Knowledge is doubling about every seven years. In technical fields, half of what students learn in their first year of college is obsolete by the time they graduate.1

The knowledge explosion has two facets: where it is coming from, and how people access it. On the source side, for reasons too complex to explore here, we are benefiting from a fifty-year-long boom in scientific and industrial research that has been accelerated even further in the past fifteen years by ever-faster, ever-cheaper computing power. The Human Genome Project is just one example of a major research undertaking that has gone much farther, much faster, than anyone thought possible even ten years ago. On the access side, awareness of the value of managing knowledge coincides with the huge growth in the installed base of personal computers, networking, and the widespread distribution of digital media.2

Currently, there are at least a billion pages on the Internet. In 1997, there were approximately 300 million. The total number of Web users around the globe, estimated at 320 million in 2000, is expected to reach 720 million by 2005.

2.   Making sense of information is the challenge now.

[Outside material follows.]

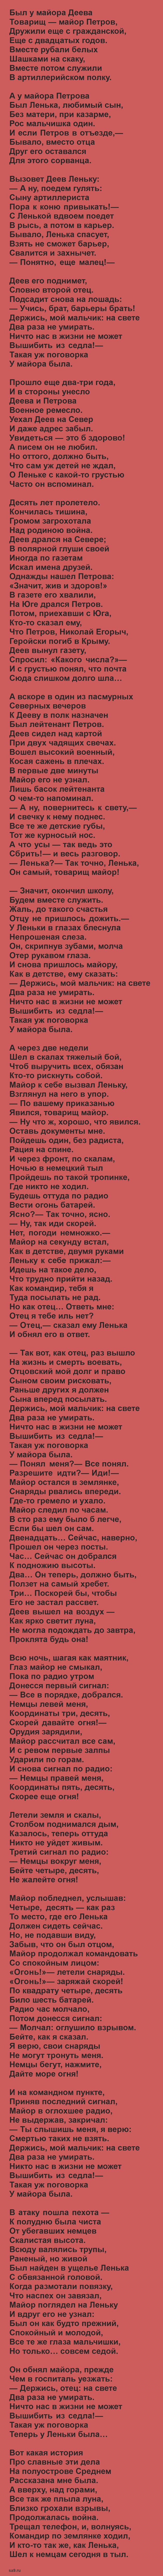 Читать стихи Симонова - Сын артиллериста

Economists long held that getting information was a key constraint in creating efficient markets. It’s no longer so. With the rapid rise of information technology and the flowering of the Internet and the Web, the bottleneck now is extracting useful content and making sense of it. In financial services, for example, a staggering amount of potentially useful information is instantly accessible to any trader or portfolio manager. Trading operations must find ways to manage and prioritize information flow to remain competitive. An hour’s lead time integrating information and making a move on the trading floor is a huge competitive advantage.

Whether your time frame is an hour, a week, a month, or a year, making sense out of information and converting that sense-making into action is the process of creating, distributing, and applying knowledge. In this book, we will provide you with a framework for managing knowledge that helps you focus on approaches that can really help your organization.

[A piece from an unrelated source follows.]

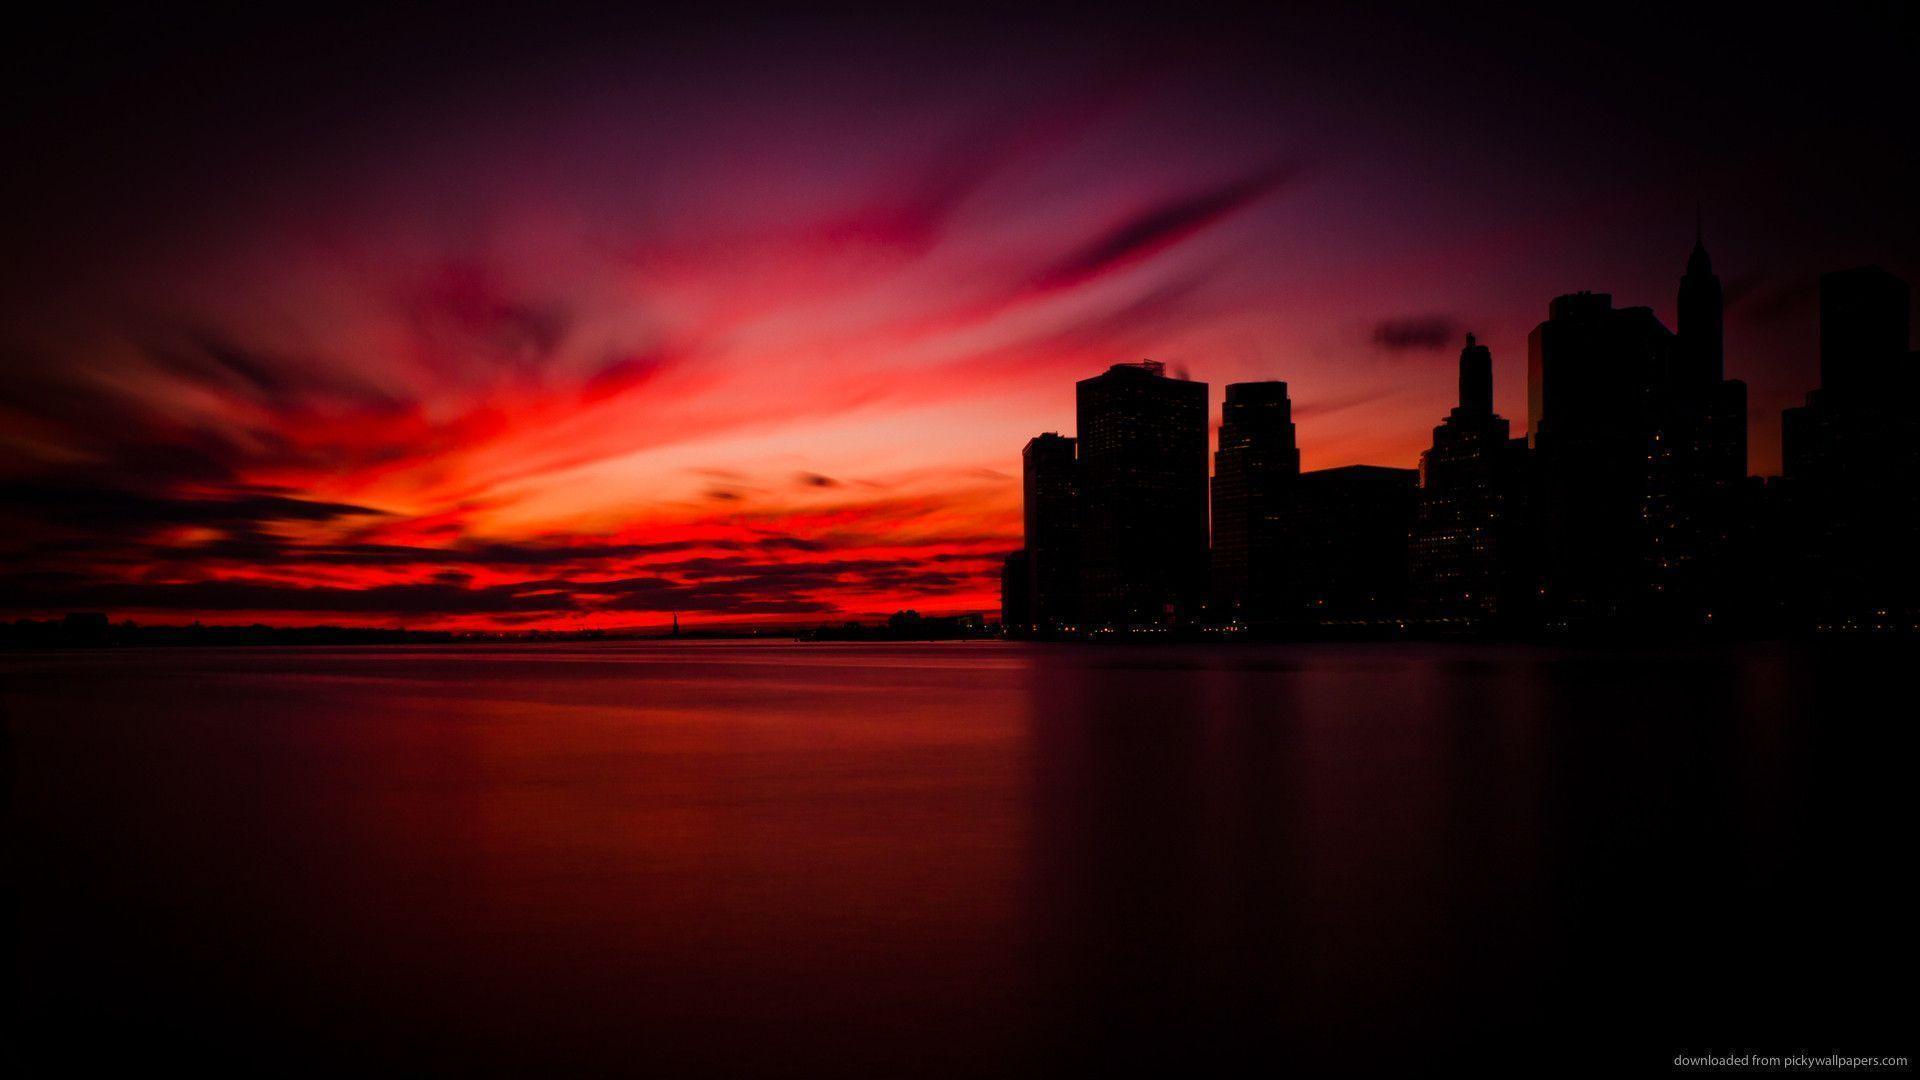 Wallpaper download nokia 5233 - Dark Manhattan Sunset Wallpaper For Nokia 5233

3.   Knowledge is the key value added to goods and services.

Knowledge, or the know-how to turn information into action, is becoming an increasing percentage of the value of all goods and services produced. In the United States, service industries accounted for 77 percent of employment and 75 percent of all GNP in the early 1990s. Service activities—including advertising, marketing, and logistics— contribute most of the value added in manufacturing and constitute between 65 and 75 percent of most manufacturers’ costs.3

Traditionally, companies treated these kinds of costs as overhead and tried to keep them to a minimum. Today, firms increasingly recognize the opportunity to be more competitive through an investment in service-based labor. Investing in marketing and advertising can differentiate the product in the eye of the beholder. The new computers Apple has introduced since 1998 aren’t all that different on the inside from previous Apple products. But they look different on the outside. And through Apple’s “Think Different” marketing campaign, they are strongly linked to the idea of being different. In manufacturing companies, supply-chain management—which is all about managing the flow of information and knowledge across organizational boundaries—has been instrumental in reducing costs, inventories, and cycle times for commodity businesses that benefit from every fractional improvement in efficiency.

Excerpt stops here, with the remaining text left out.